Глядеть прямо на нее было нелегко, но он сделал над собой усилие, после чего вынужден был спросить:
– Что это у вас на носу?
Кончик носа у Тиффани украшали два пупырышка, две крохотные палочки, торчавшие почти вертикально – подобие маленьких рожек.
– Косточки из крыла летучей мыши, – сказала Тиффани.
– Вот как! – отозвался Чили.
Открывая дверь в аппаратную, он думал о том, где раздобывают косточки из крыла летучей мыши, но в уши им ударила волна звуков из усилителей: это «Одесса» наяривала свою музыку за стеклянной перегородкой – Линда ударяла по струнам болтавшейся низко у нее на поясе гитары и одновременно пела текст, кивками задавая темп; Дейл в чистой футболке играл, сидя верхом на табурете; Торопыга же, с волосами до плеч и в темных очках, бил в свой скудный инструментарий. Звукорежиссер, говоривший по телефону, приветствовал их поднятием руки. Молодой человек в шерстяной водолазке, мешковатых рабочих штанах и черных теннисных туфлях. Имя – Кертис. Чили услышал, как он сказал:
– Так камень прошел? Здорово! А димедрол зачем?
По словам Хью, парень этот работал у Дона. Работал над музыкой для кинофильмов, и Дон очень хвалил его, говорил, что когда-нибудь он прославится. Пока что, как сказал Хью, он дорого не запросил.
– О, они играют, – несколько удивленно произнесла Тиффани. – Это что, песня их сочинения?
Чили ответил, что если и так, он не расслышал.
Кертис повесил трубку и шагнул к пульту.
– Они разогреваются, под «ЭйСи/ДиСи» работают. Эта вот песня «Лотта Рози» называется, а перед этим было «Опять траур», и должен вам сказать, что Линда – девочка стоящая. Великолепно играет на гитаре. Вслушайтесь, как она комбинирует аккорды «ЭйСи/ДиСи» с блюзовой мелодией. Я с удовольствием стану аранжировать ее, улучшу звук, сделаю его объемнее. Новую ее песню «Будь крутым» надо будет как следует повертеть, а другая, под названием «Одесса», хороша своей драматической наполненностью.
– Настоящая музыка, правда? – сказал Чили.
– Ага, и оригинальная, но, на мой слух, нуждается в шлифовке. Расставить акценты, придать отточенность.

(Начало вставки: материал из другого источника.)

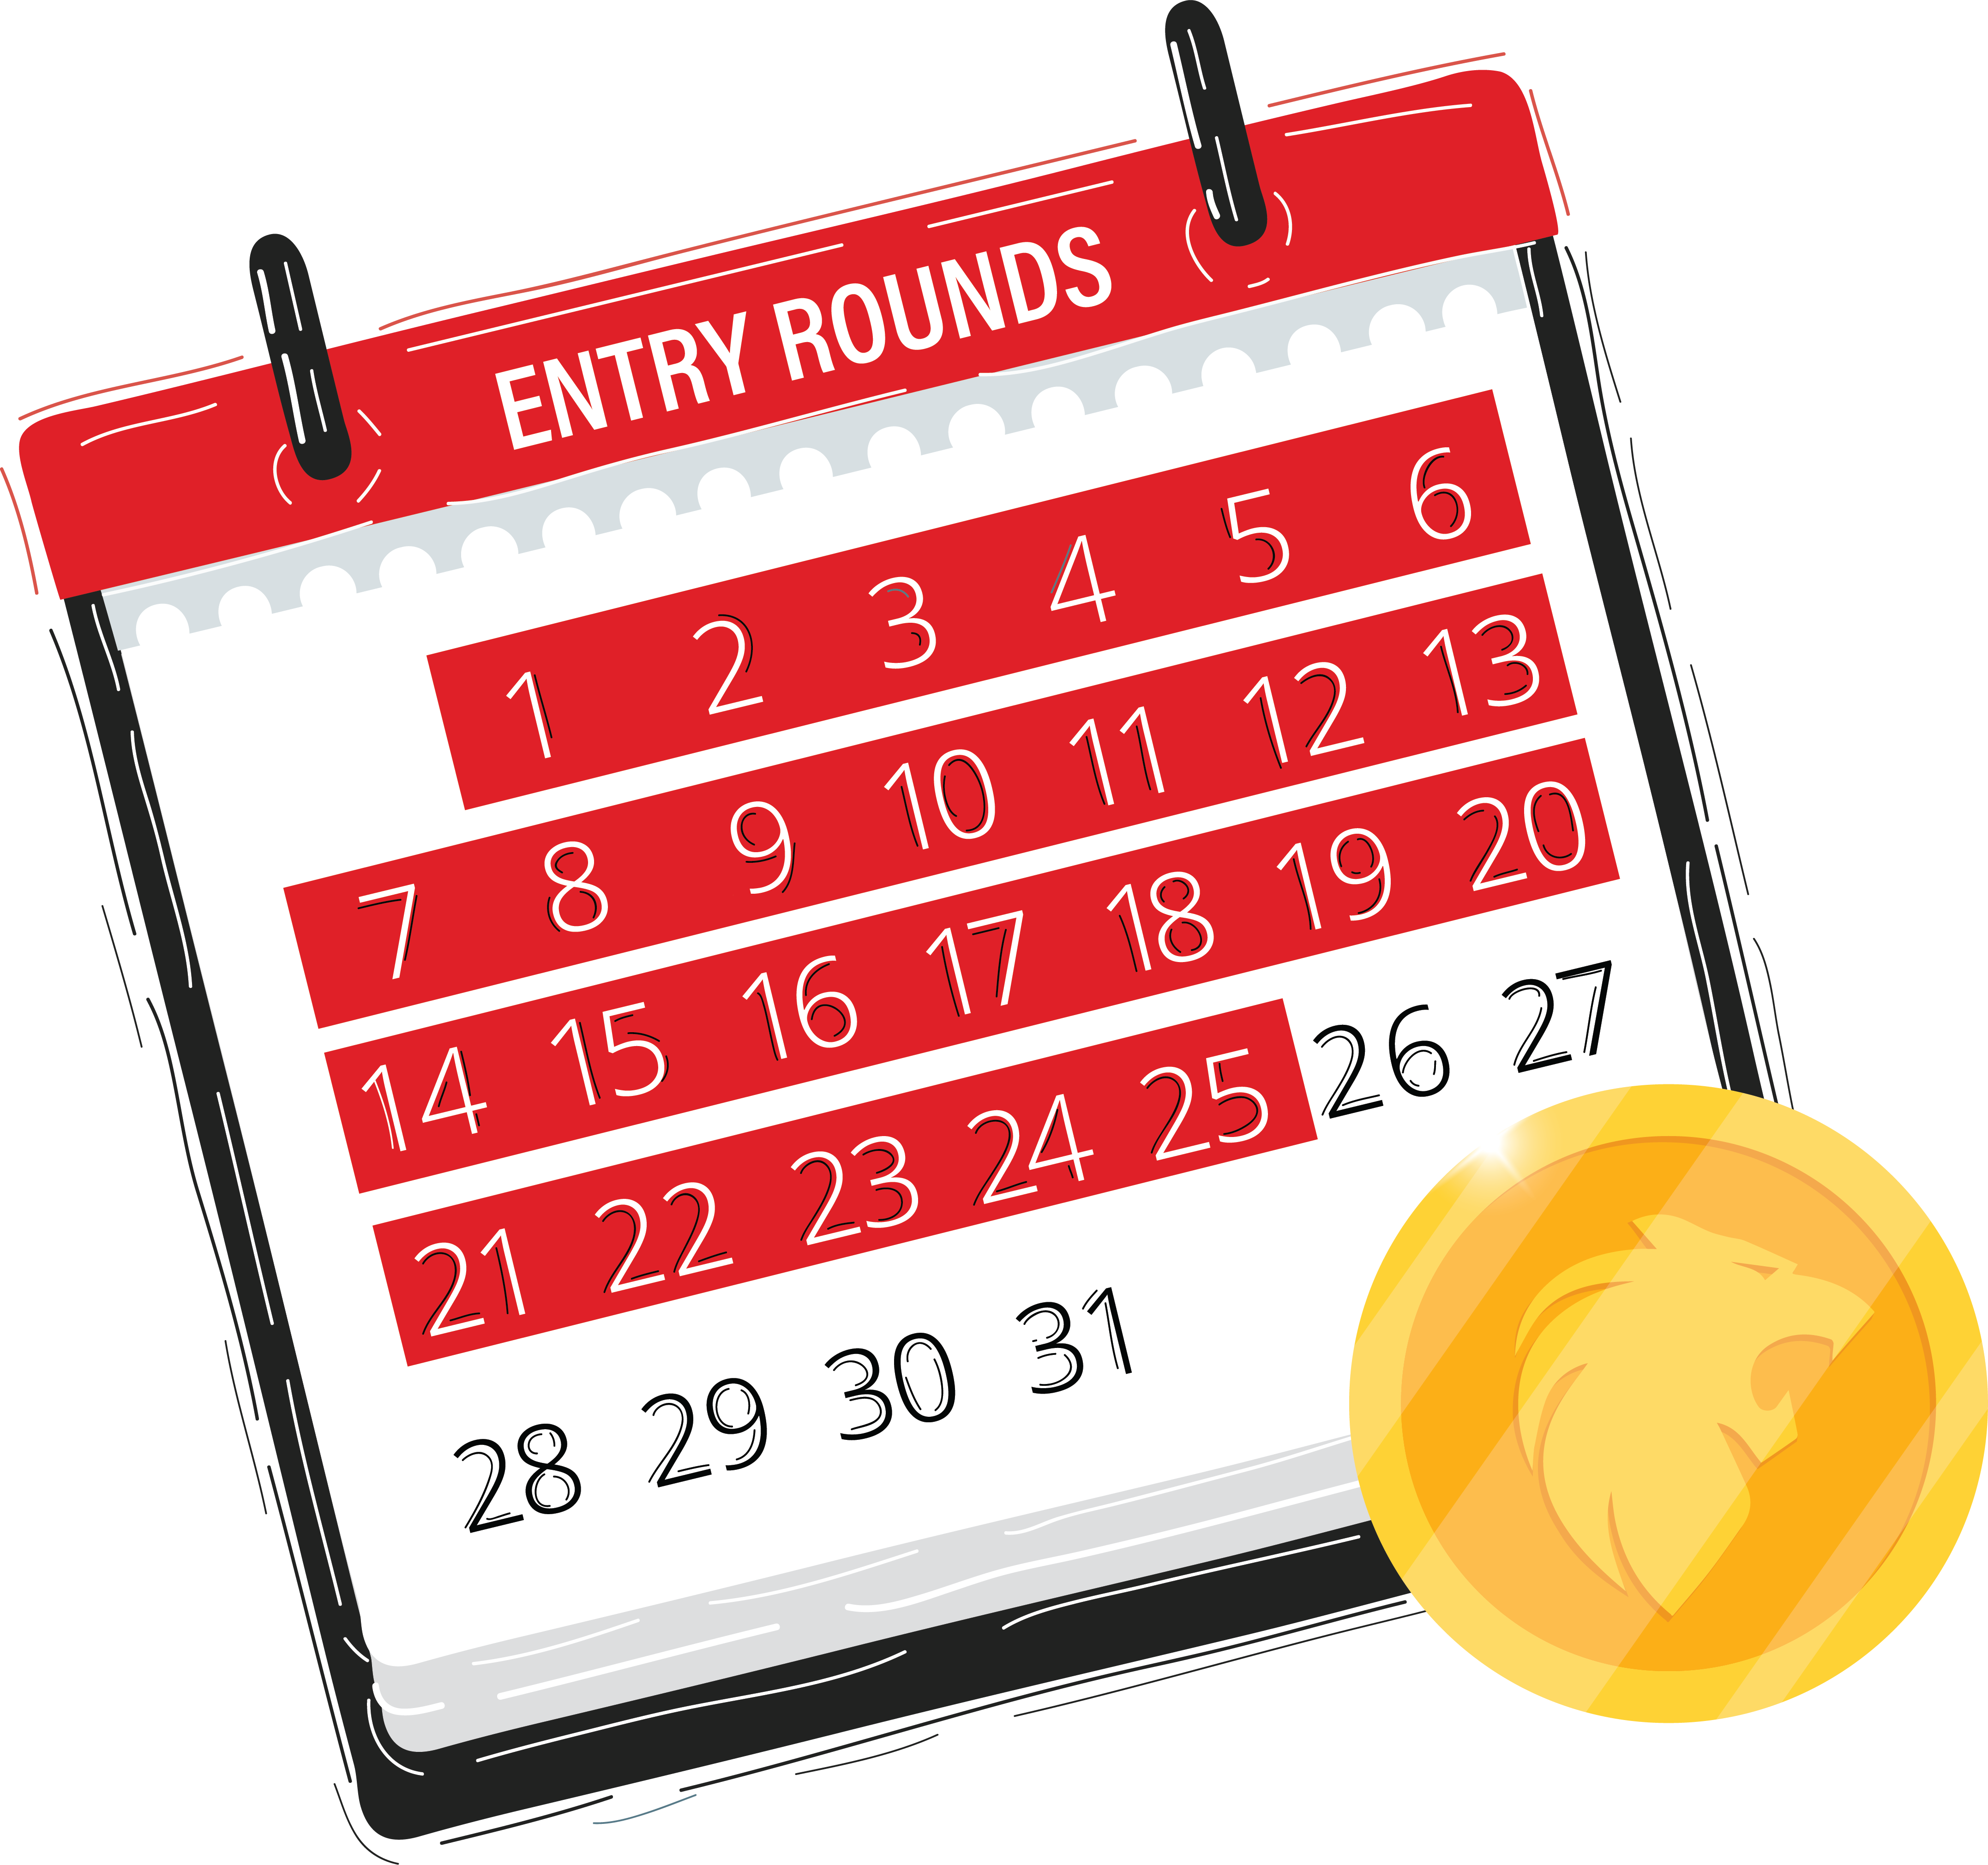 Entry Rounds Image
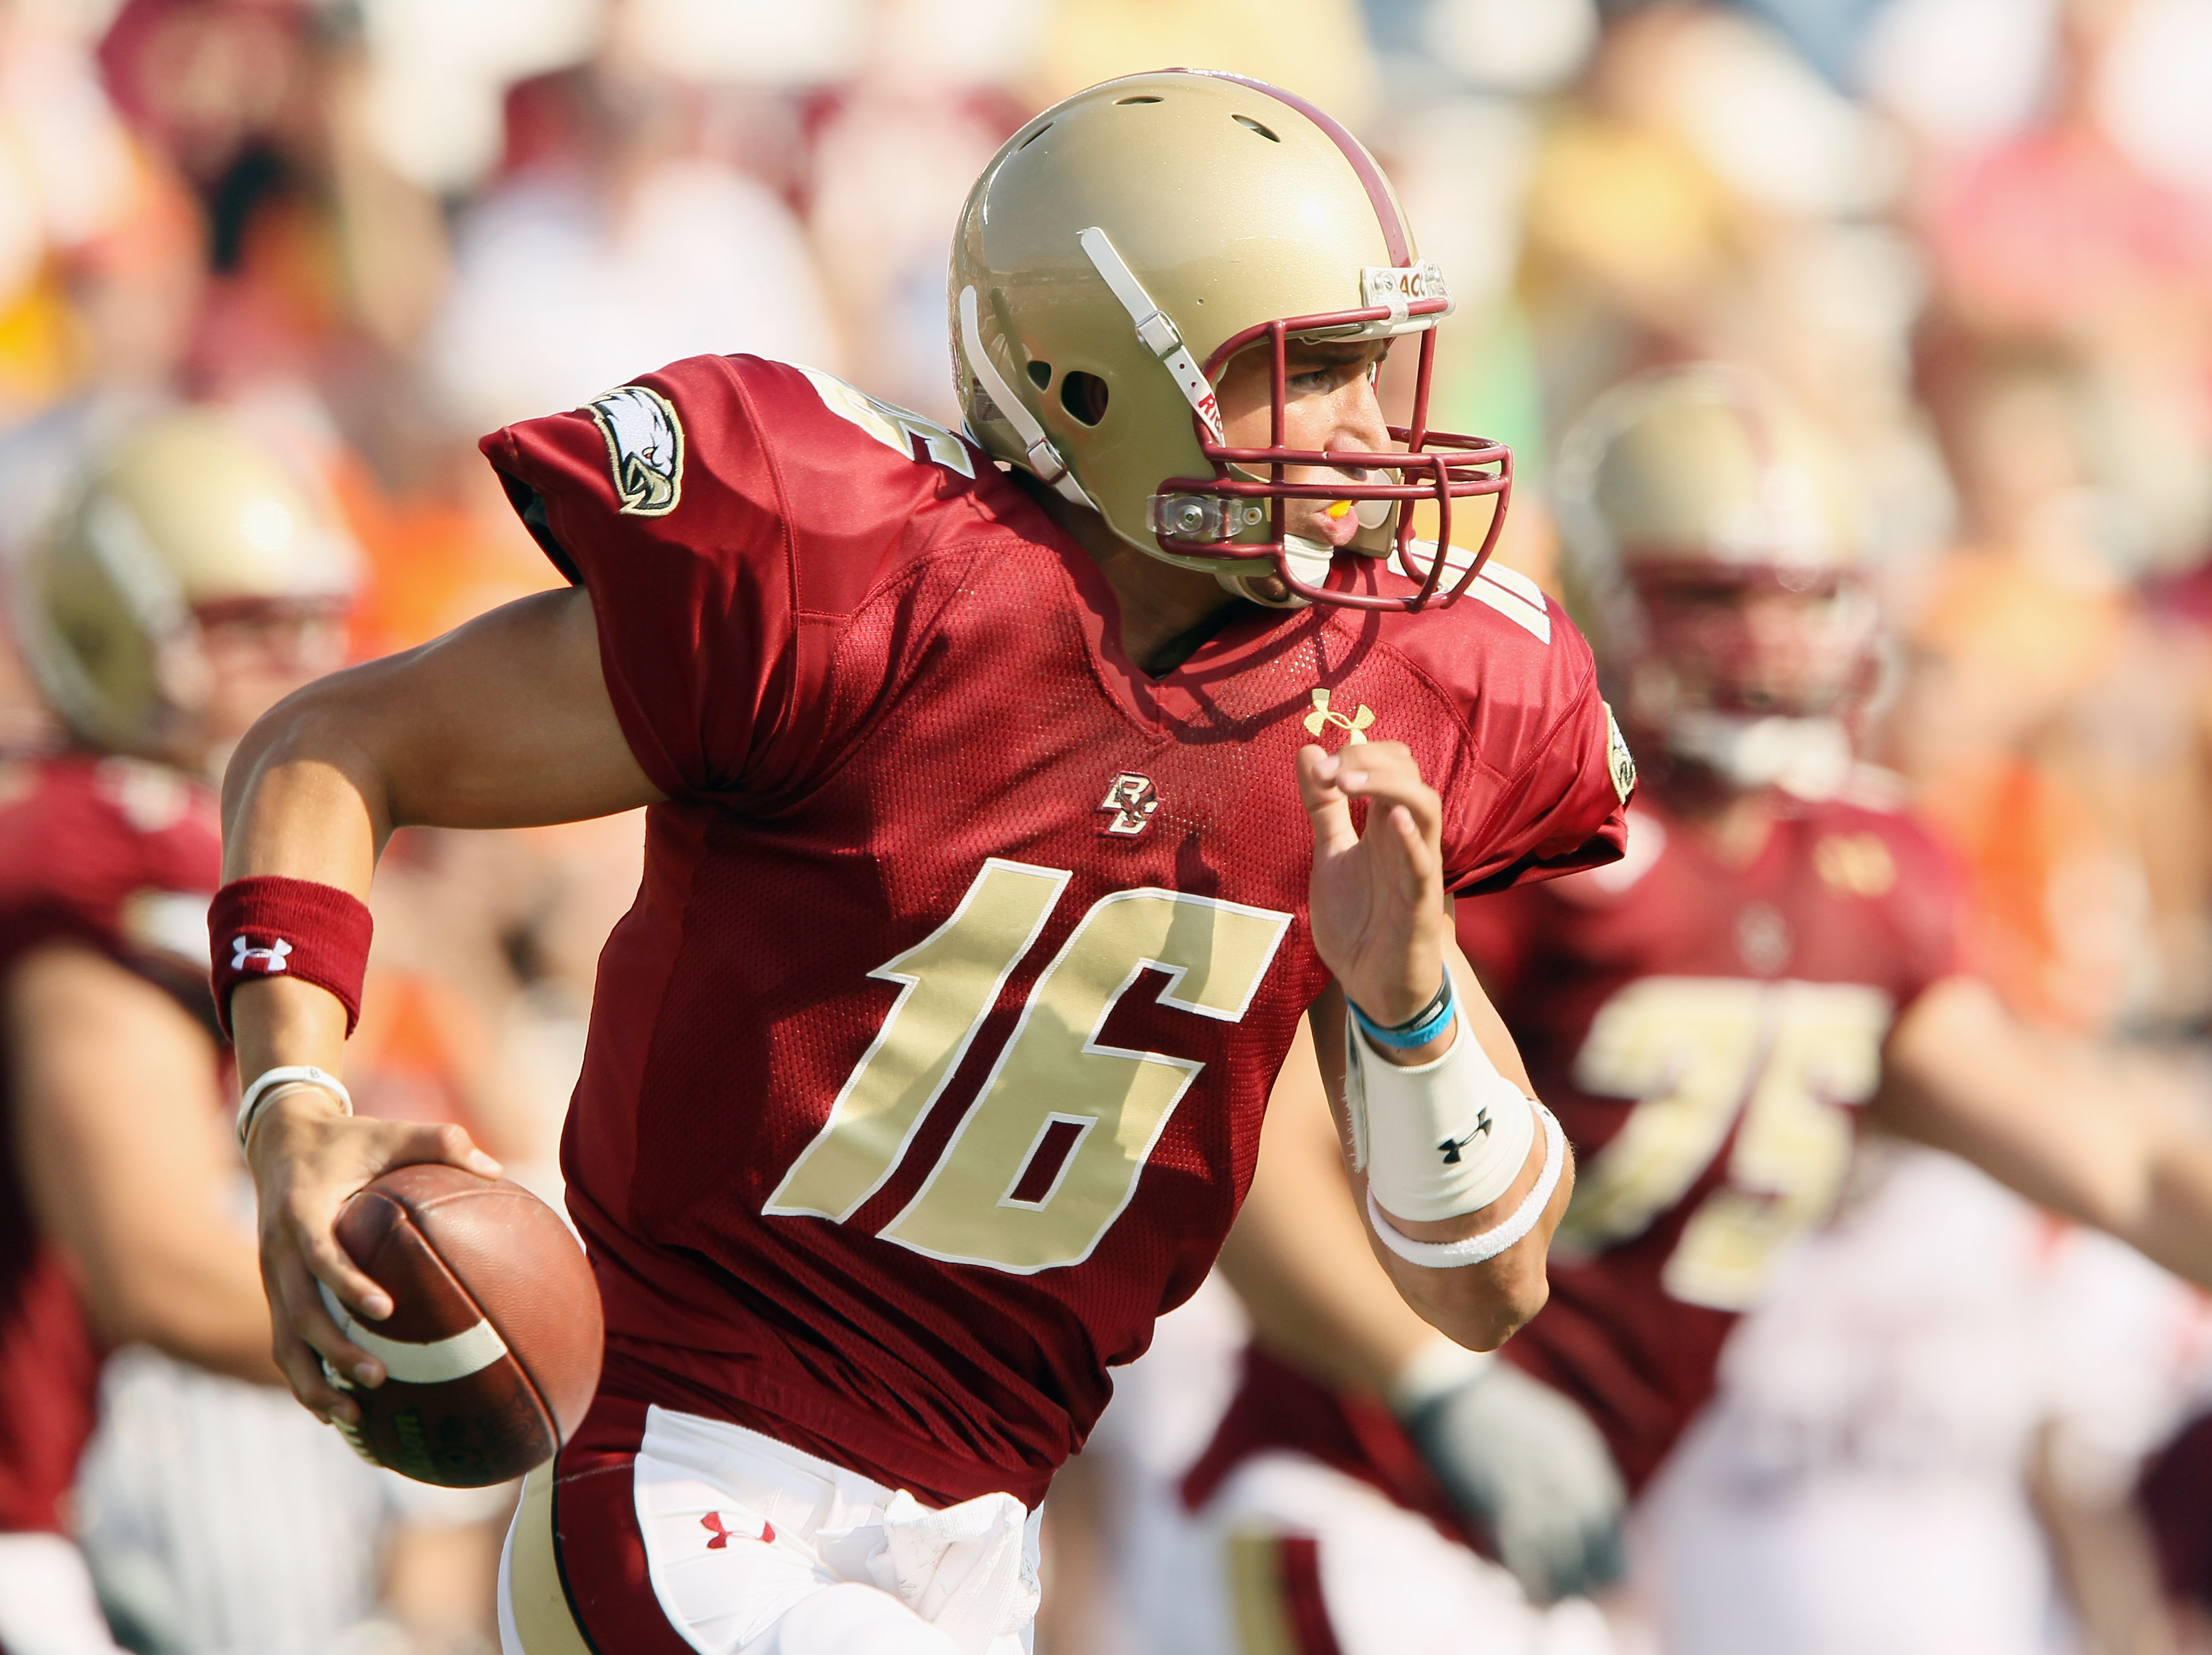 CHESTNUT HILL, MA - SEPTEMBER 25:  Mike Marscovetra #16 of the Boston College Eagles scrambles with the ball in the fourth quarter against the Virginia Tech Hokies on September 25, 2010 at Alumni Stadium in Chestnut Hill, Massachusetts. Virginia Tech defe

– Вот мне надо, – сказал Чили, – начать слушать радио, уяснить себе, что сейчас пользуется спросом, понять, кто что делает. Слышишь столько различных наименований современной музыки – металл, современный рок, поп, городской рок…
– Да одного металла примерно девять разновидностей существует – быстрый металл, фанк-металл, смертельный металл…
– Я тут все расспрашиваю, что такое альтернативная музыка, – сказал Чили, – но никто прямо не отвечает на вопрос, а отсылают к радиостанции. Так что такое альтернативная музыка?
– Да сейчас почти все, что не есть тяжелый рок, – сказал Кертис.
– Ну вот видите, все уклоняются от прямого ответа.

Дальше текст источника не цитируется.